Yi Yi

(A One and a Two, Edward Yang, Taiwan, 2000)


Edward Yang's Yi Yi is remarkable and only truly appreciable on a big screen. It's easy to see why the film has been hailed by many mainstream critics for its slightly unexpected humanism (complete with a cute kid) and how this has led to its worldwide success.

But this should not divert us from grasping its profound connections with Yang's earlier work, especially the underrated social satires A Confucian Confusion (1994) and Mahjong (1997).

Yang, like several of his Taiwanese contemporaries, bases his dramas on the material flows of real estate as much as on the intangible paradoxes of the heart.

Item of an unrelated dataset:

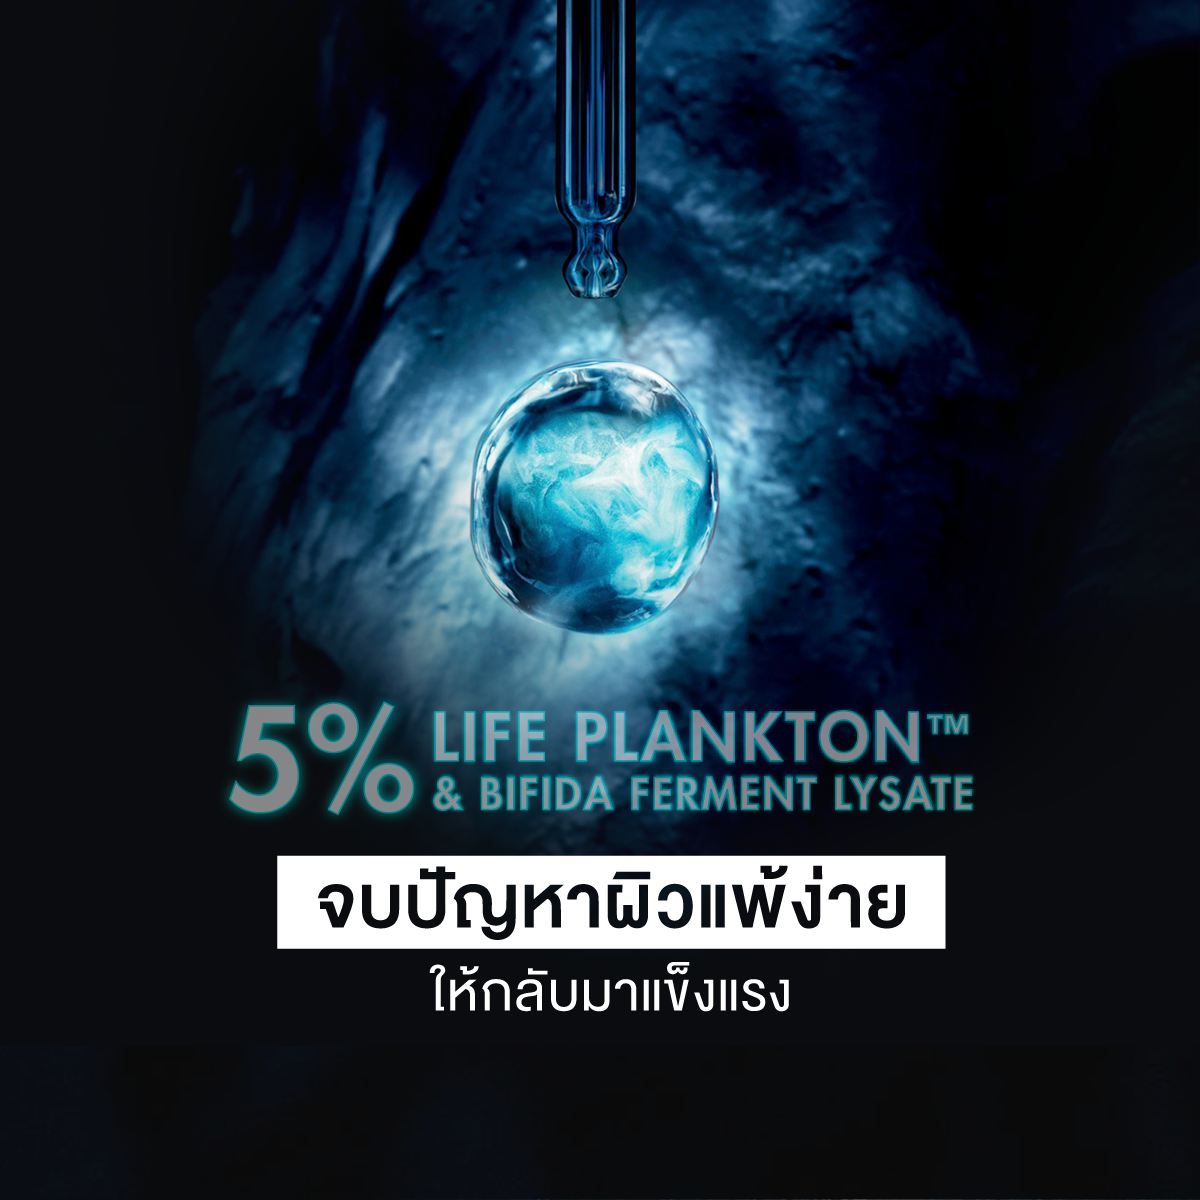 Biotherm Life Plankton Elixir 30 ml  เซรั่มดูแลความร่วงโรยของผิว กรรมสิทธิ์ของไบโอเธิร์มอย่าง LIFE PLANKTON™ ในความเข้มข้น 5 %^ สูงสุดที่ใช้ในผลิตภัณฑ์บำรุงผิวของแบรนด์  ผนึกกำลังกับส่วนผสมทรงประสิทธิภาพจากธรรมชาติอย่างไฮยาลูรอนิกแอซิด (Hyaluronic Acid) และวิตามินซี ผ่านการทดสอบแล้วว่าช่วยให้ผิวดูแข็งแรงขึ้น ช่วยดูแลการร่วงโรยของผิวทั้งยังช่วยให้ผิวดูอ่อนเยาว์ กระจ่างใส กระชับ และเรียบเนียนขึ้น หลังใช้ต่อเนื่อง 8 วัน

In Yi Yi Yang builds a complex structure in which each relationship echoes each other across generations (shades here, in a minor key, of Douglas Sirk's All That Heaven Allows, 1955), and where the compartmentalisations, criss-crossings and telescopings of architectural space play a capital role.

Many reviewers seem to mentally erase the film's deliberately strangest and most disturbing moment: the video-game style 'dramatic recreation' on the nightly TV news of an unseen murder involving two peripheral characters – a moment closer in its method to Michael Haneke's dramatic essay-films than any sentimental humanism with which I am familiar.